On Tue, 28 Jun 2022 11:43:42 GMT, Kevin Walls <kevinw at openjdk.org> wrote:

>> Test has been problemlisted for a long time due to intermittent failures.
>> 
>> This is a difficult test as it tries to monitor usage thresholds on Memory Pools which are outside its control.
>> Not just Java heap pools, where the allocation it makes may or may not affect a particuclar pool, but non-heap pools such as CodeHeap and Metadata, where other activity in the VM can affect their usage and surprise the test.
>> 
>> The test iterates JMX memory pools where thresholds are supported, sets a threshold one byte higher than current usage, and makes an allocation.  This only makes sense on Java heap pools.  It is tempting to skip non-heap pools, but this test can still give a sanity test about threshold behaviour.  That is actually its main purpose, as the allocation is unlikely to affect the pool being tested.
>> 
>> With the changes here, I'm seeing the test and all its variations pass reliably, i.e. 50 iterations in each tested platform.
>> 
>> Skip testing a non-heap memory pool, e.g. CodeHeap, if it is hitting the threshold while we test, because that means it is changing outside our control.  Also re-test isExceeded on failure, as fetching the usage and isExceeded is a race.
>> 
>> Logging of more pool stats to better understand failures.
>
> Kevin Walls has updated the pull request incrementally with one additional commit since the last revision:
> 
>   Show log output

So, with your patch you now use peakUsage to notice transient usage increases that are not observable via normal usage counter, right? 

This is fine, but the test looks still too random for my taste, I'd be afraid of too many false positives.

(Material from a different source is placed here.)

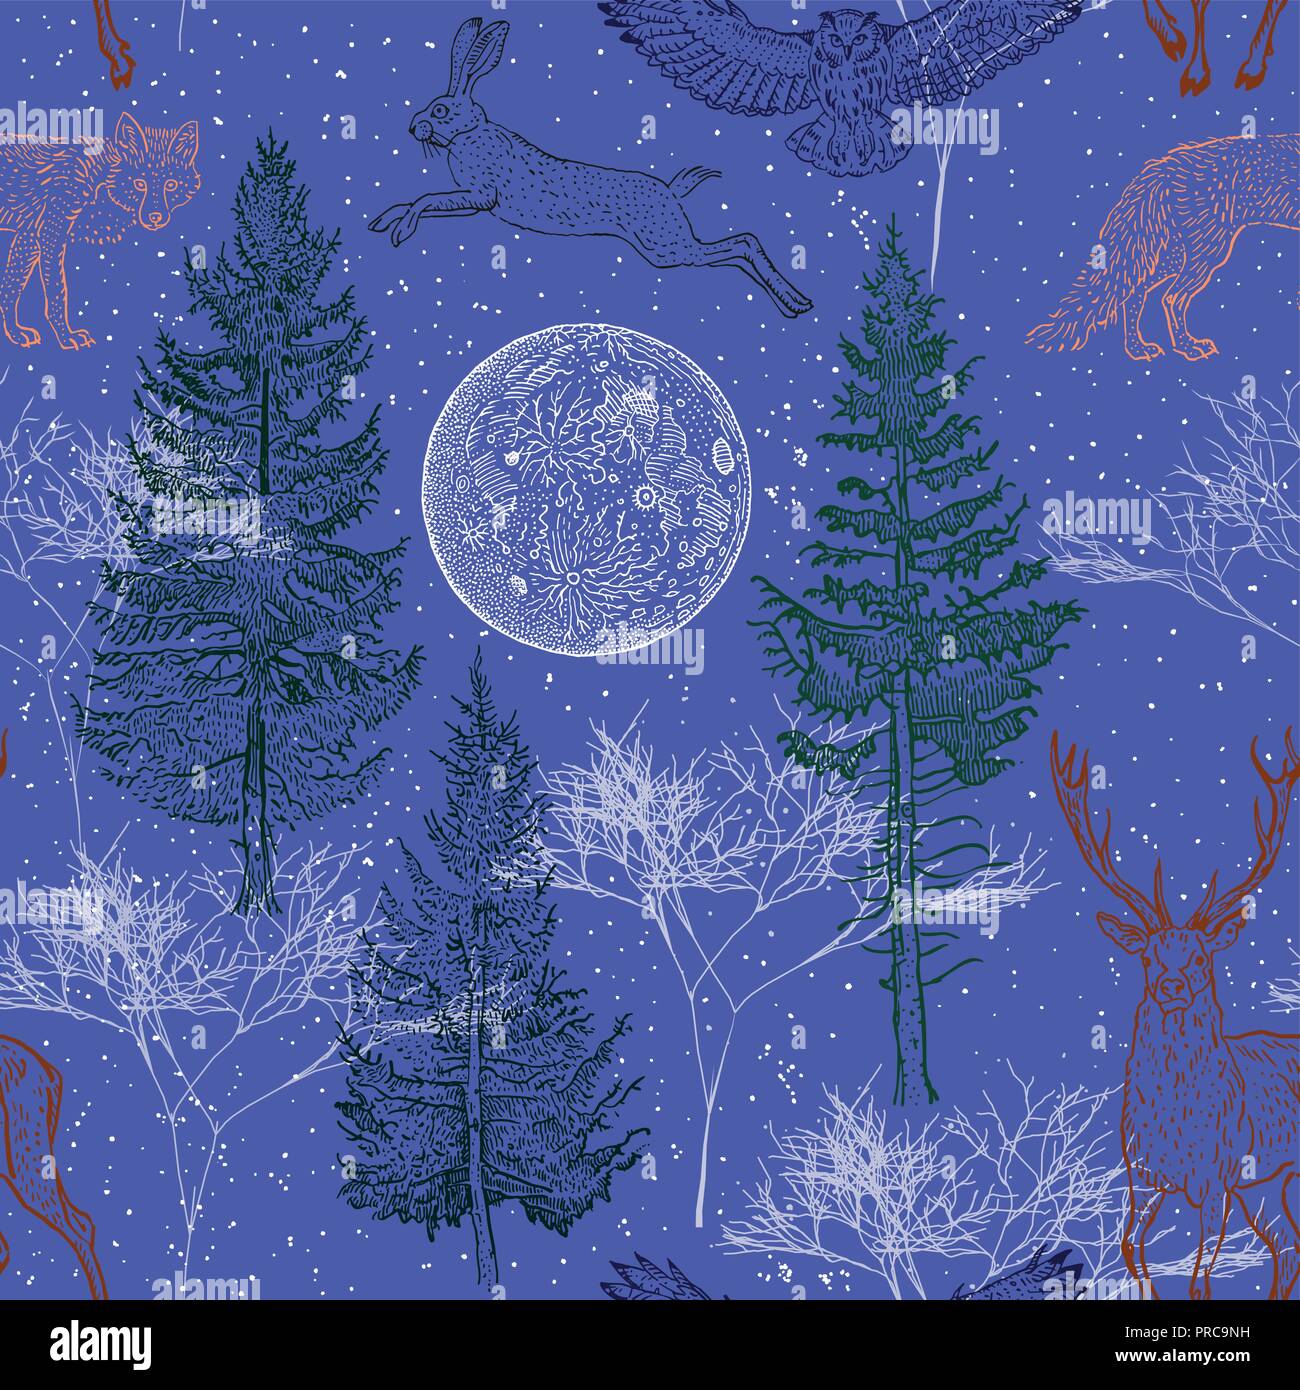 Winter forest seamless pattern. Full moon, spruce, fir tree, fox, hare, deer, owl, snow flakes on a blue background. Vintage engraving style vector illustration. Christmas, New Year holidays, nature. Stock Vector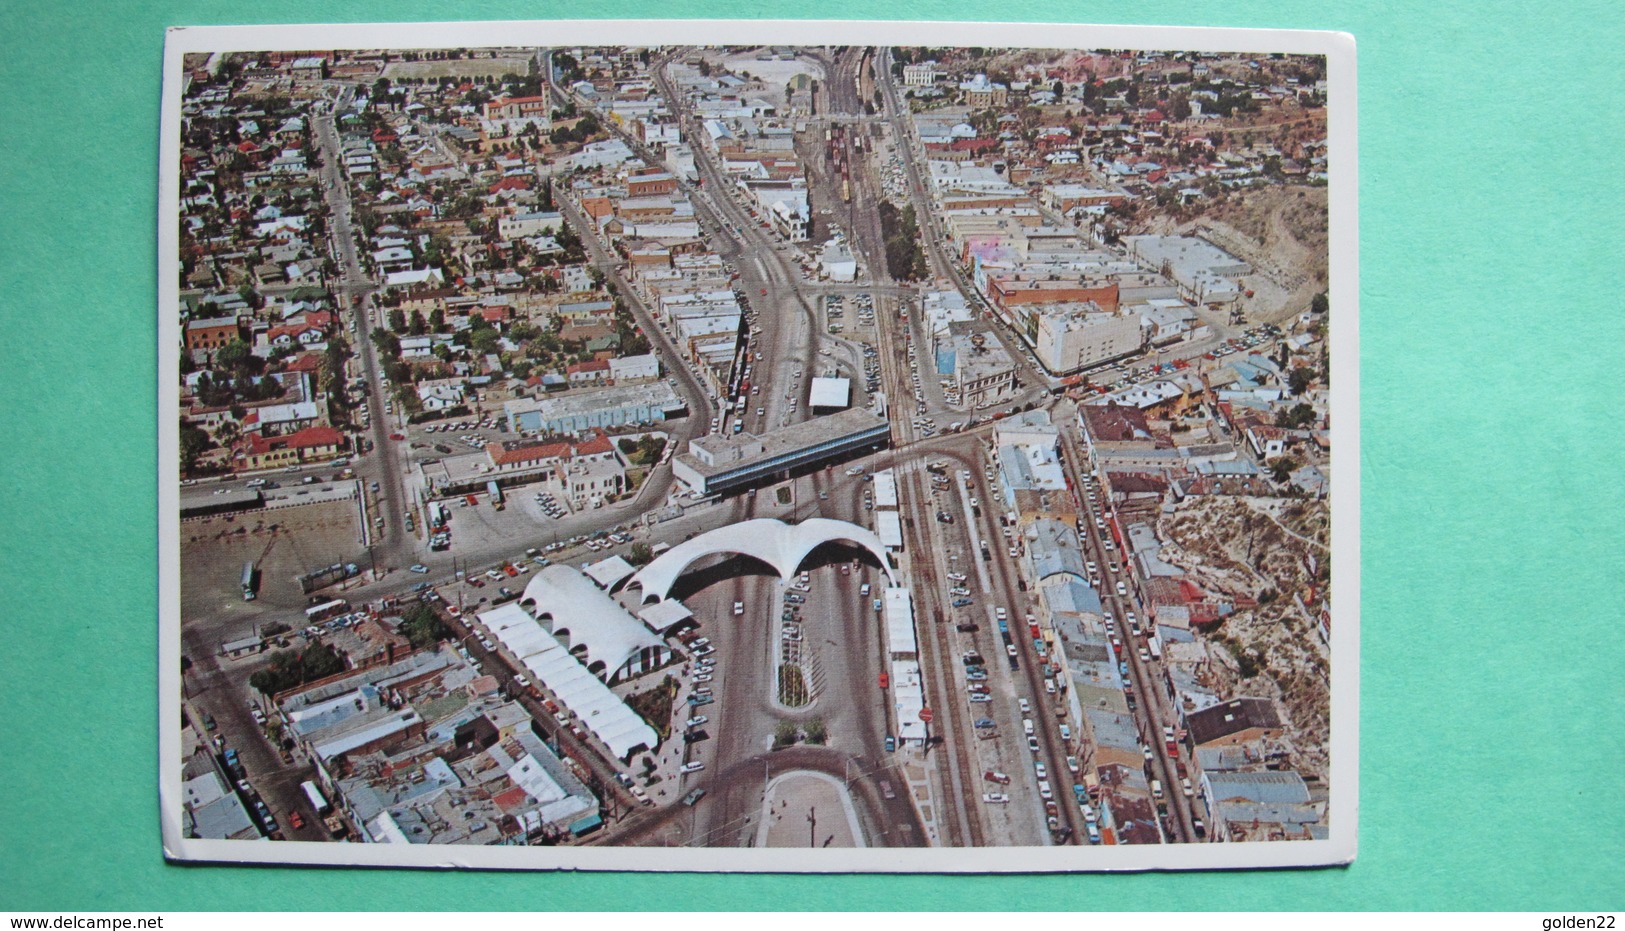 Birdseye View Of Mexican & United States Immigration Stations Nogales, Arizona And Mexico - Tucson

The biggest issue is how the test tries to provoke usage increase. That won't work for metaspace nor code heap, so whatever movements they make is purely random, defined by concurrent activity.

A more robust - albeit not perfect - way to test this would be to either provoke usage from java (with metaspace, heavy class loading that hopefully outraces concurrent unloads; with code heap, provoking compiles), but probably simpler and more predictable would be whitebox functions that allocate memory directly in metaspace and code heap. 

You'd still have the concurrency factor, but with large enough increases the chance is good that it registers as positive usage increase. One also could repeat the operation several times in case one does not see a net increase, to lessen the chance of concurrent releases.

The increase should be largish also because Metaspace can satisfy allocations from an internal free list of blocks that have been prematurely released by the current loader, but are cached in its name since the arena lives as long as the loader lives. This would not register as usage increase.

> @kevinjwalls is this going to be impacted by:
> 
> #8831
> 
> ?

I think only in the sense that #8831 removes the compressed class space pool, so one less pool to test.

-------------

PR: https://git.openjdk.org/jdk/pull/9309